Conformational plasticity of ligand-bound and ternary GPCR complexes studied by 19F NMR of the β1-adrenergic receptor

G-protein-coupled receptors (GPCRs) are allosteric signaling proteins that transmit an extracellular stimulus across the cell membrane. Using 19F NMR and site-specific labelling, we investigate the response of the cytoplasmic region of transmembrane helices 6 and 7 of the β1-adrenergic receptor to agonist stimulation and coupling to a Gs-protein-mimetic nanobody. Agonist binding shows the receptor in equilibrium between two inactive states and a pre-active form, increasingly populated with higher ligand efficacy.
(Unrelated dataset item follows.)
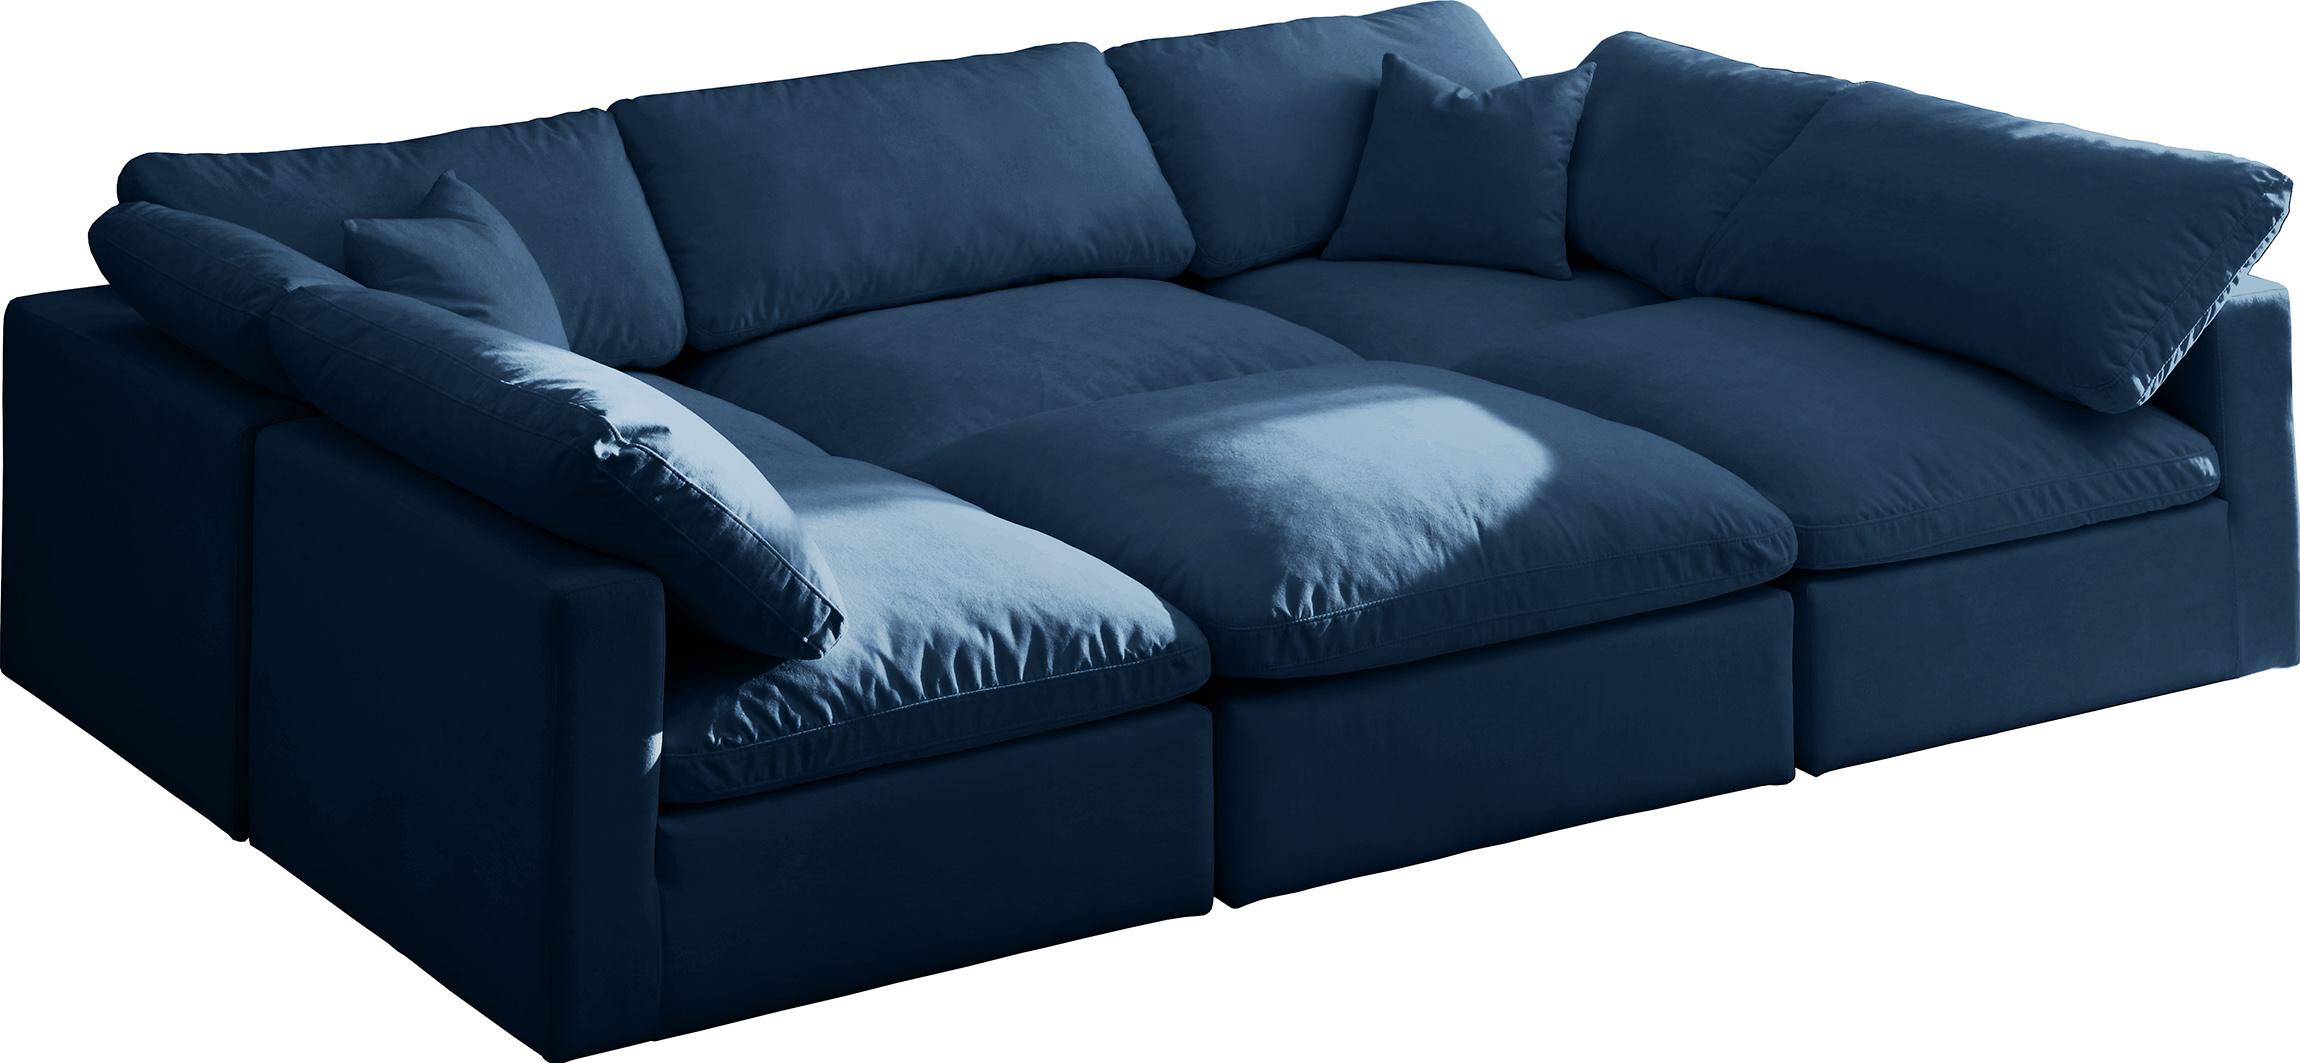 Soflex Cloud NAVY Modular Sectional Sofa
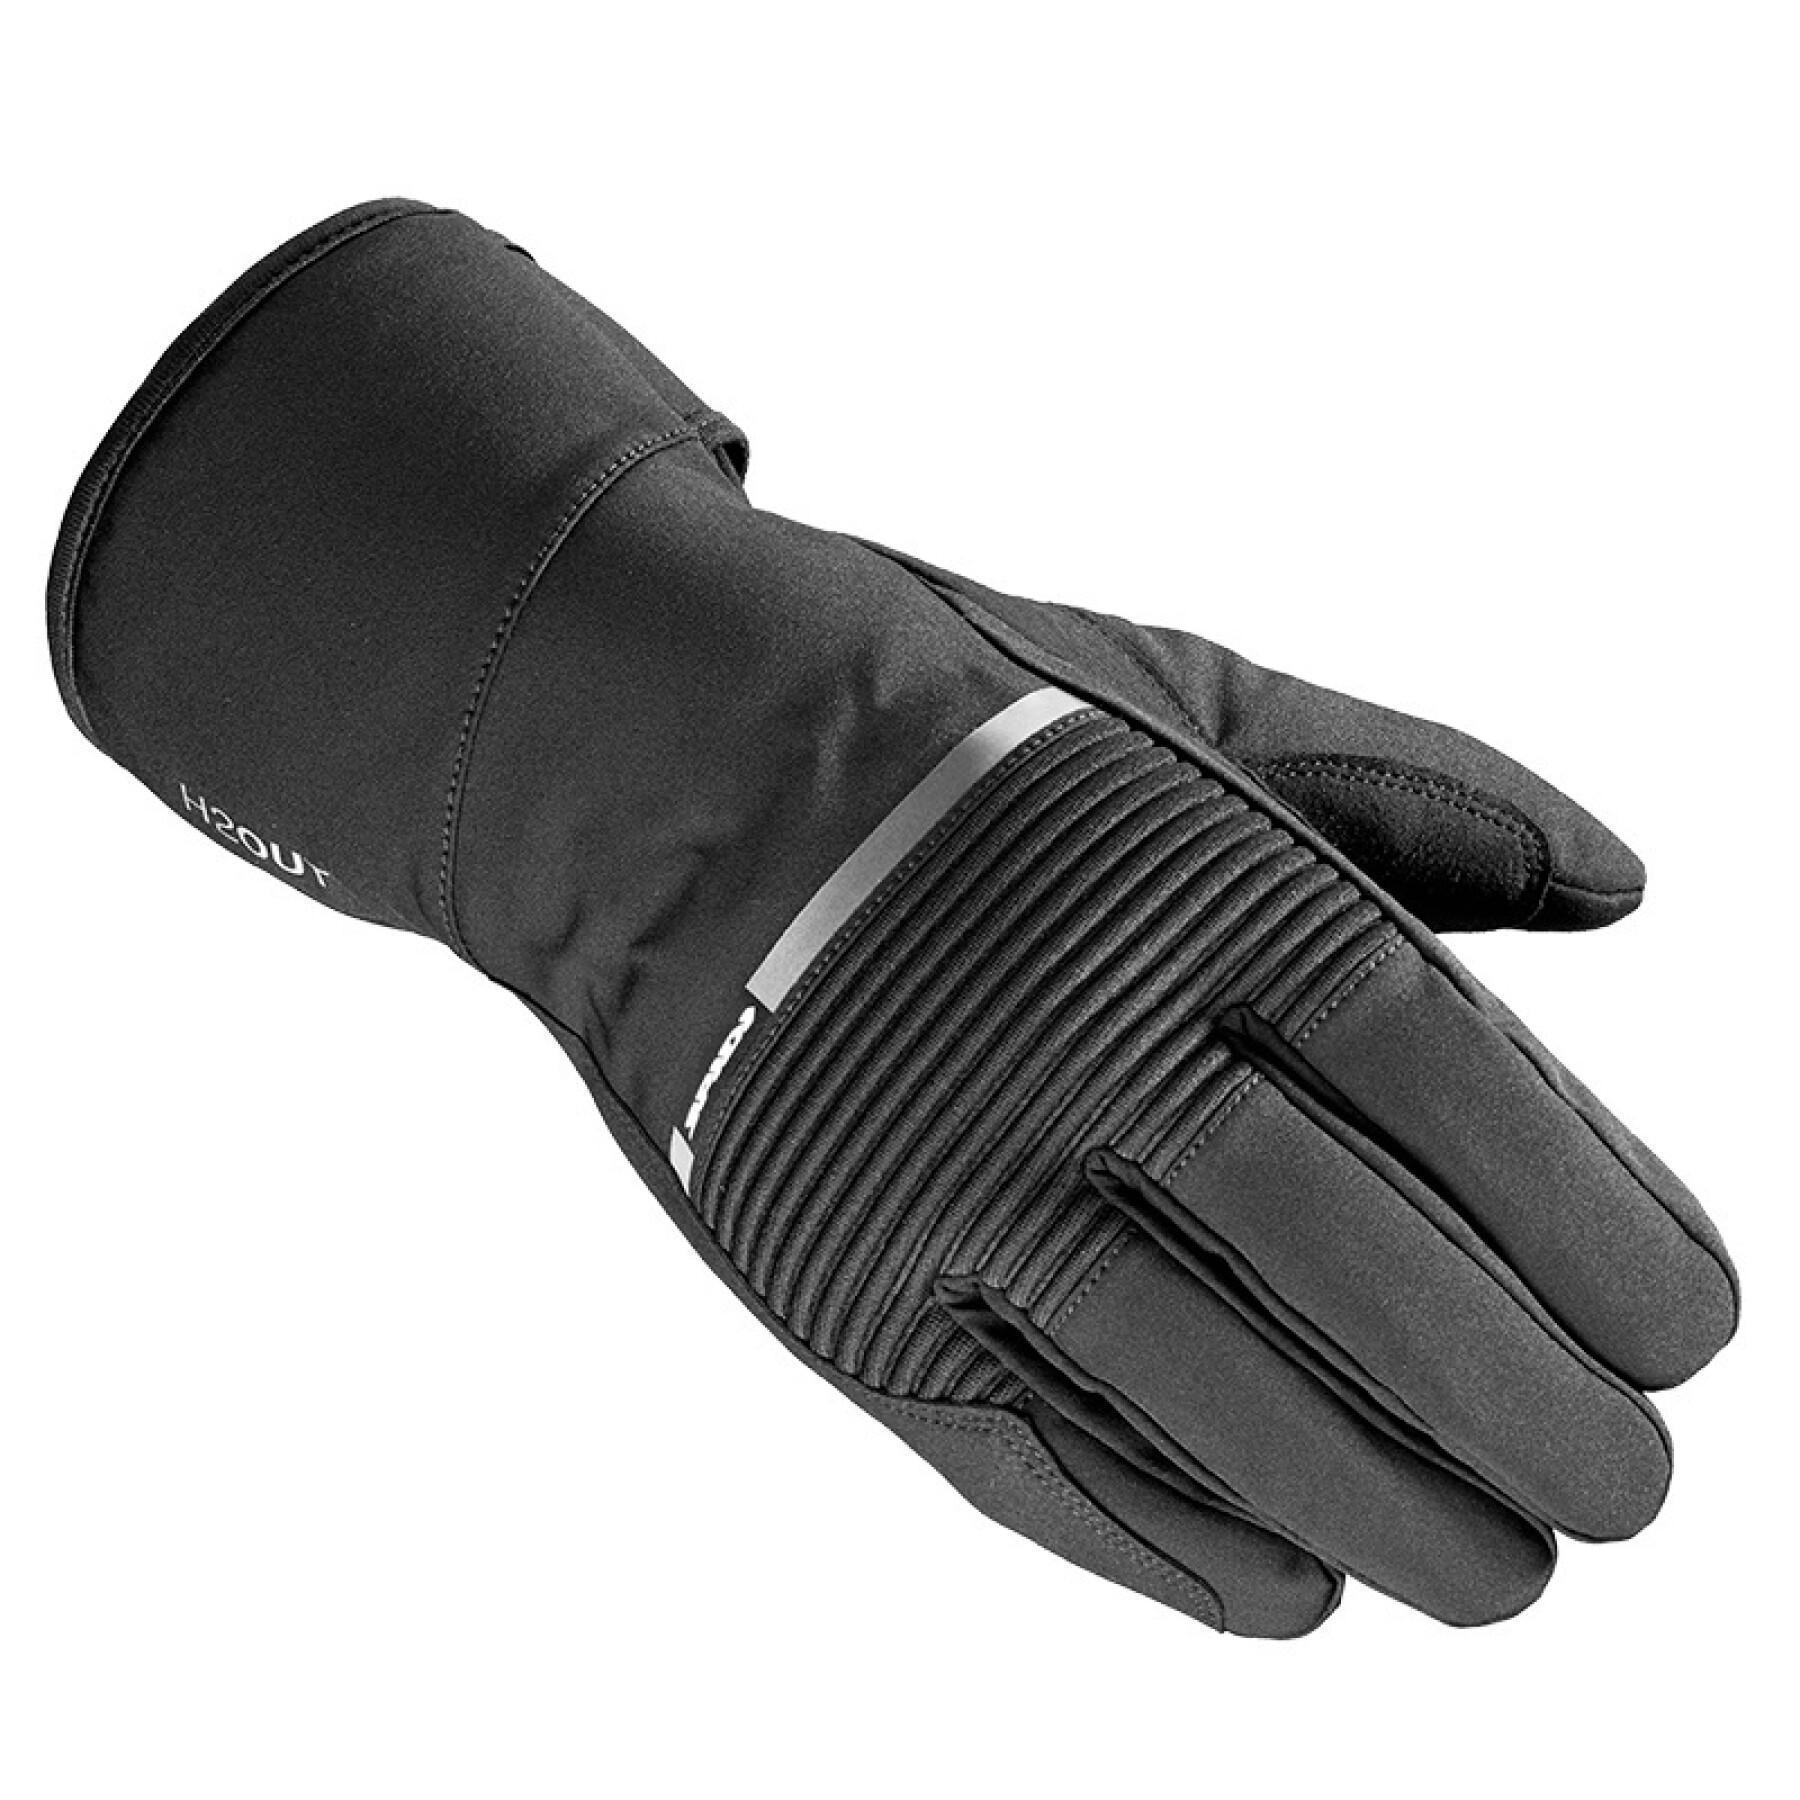 Winter motorcycle gloves Spidi underground k3

Nanobody coupling leads to a fully active ternary receptor complex present in amounts correlating directly with agonist efficacy, consistent with partial agonism. While for different agonists the helix 6 environment in the active-state ternary complexes resides in a well-defined conformation, showing little conformational mobility, the environment of the highly conserved NPxxY motif on helix 7 remains dynamic adopting diverse, agonist-specific conformations, implying a further role of this region in receptor function. An inactive nanobody-coupled ternary receptor form is also observed. The β1-adrenergic receptor (β1AR) is a G-protein-coupled receptor (GPCRs) that binds catecholamine ligands. Here the authors employ site-specific labelling and 19F NMR measurements to characterise the structural changes and dynamics in the cytoplasmic region of β1AR upon agonist stimulation and coupling to a Gs-protein-mimetic nanobody.